Seven of these Indigenous villages still exist today.

French missionaries could be found in all these villages. They would even have a chapel built. The Catholic religion played an important role in community life. The French were happy to have these Indigenous villages nearby because the domiciled Indigenous people helped to protect the colony and participated in the fur trade.

The Huron-Wendat of Jeune-Lorette (Wendake)

The Huron-Wendat were the first Iroquoians to seek refuge near Québec City in 1650. They settled for good at Jeune-Lorette in 1697, where a Huron-Wendat community can still be found today.

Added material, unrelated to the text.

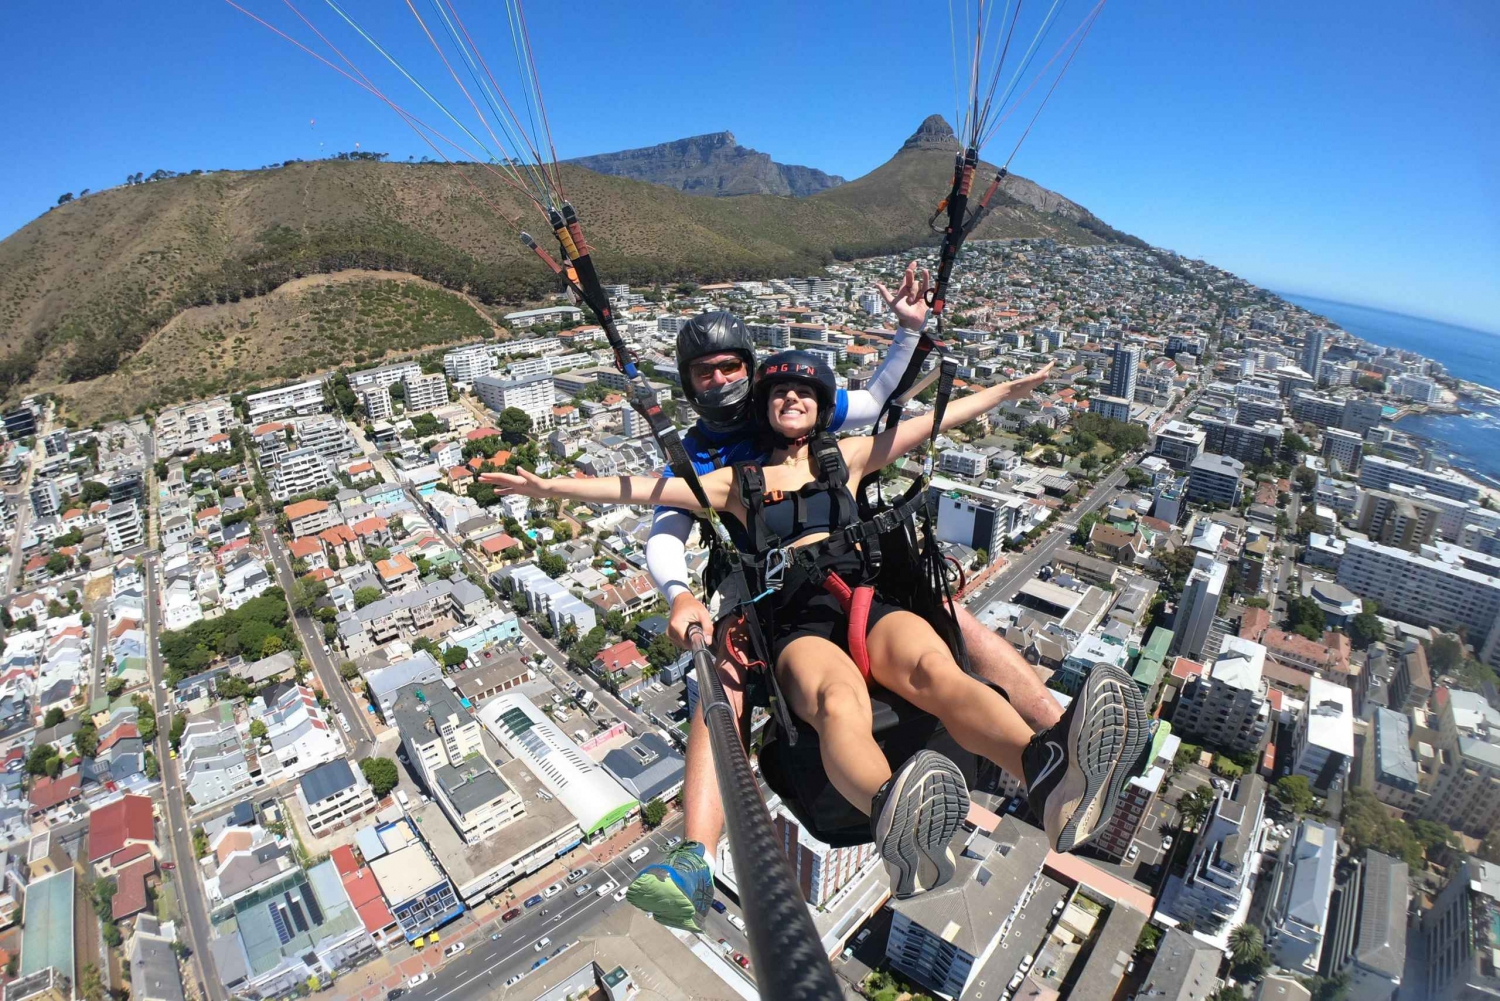 Kapstaden: Tandemskärmflygning med utsikt över Taffelberget

It was in Wendake where Indigenous people had a lifestyle that most closely resembled that of the inhabitants of French origin. Many of them had abandoned the longhouse for a “Canadian” home. Their clothes were also similar to those of the inhabitants in neighbouring Québec City.

 Kanienʼkehá꞉ka villages: Kahnawake, Kanesatake and Akwesasne

 Kanienʼkehá꞉ka is the self-identified name of the Mohawk Nation Kanienʼkehá꞉ka are part of the Haudenosaunee, which was sometimes called the Iroquois Confederacy, the Five (now Six) Nations Confederacy, or the Iroquois.

The Haudenosaunee started arriving in the St. Lawrence Valley in the 1660s. The first village and the one that remained the largest was Kahnawake.

Around 1745, most of the homes in Haudenosaunee villages were still longhouses. In Kanesatake, however, some Canadian homes had started to appear. Following the example of the colonists, more and more Indigenous people had begun to raise domestic animals and own horses, particularly in Kahnawake.

The Iroquois of these villages remained in close contact with the Haudenosaunee to the south, who had remained on their territory and had not converted to Catholicism.

Author: Service national du Récit de l’univers social. Adaptations by LEARN.

 

Notes: 

The Tuscarora were accepted in 1722 as the Sixth Nation of the Iroquois Confederacy, or Haudenosaunee.  

The Wendat people were often called Huron by the European settlers, but now we try to use Huron-Wendat instead.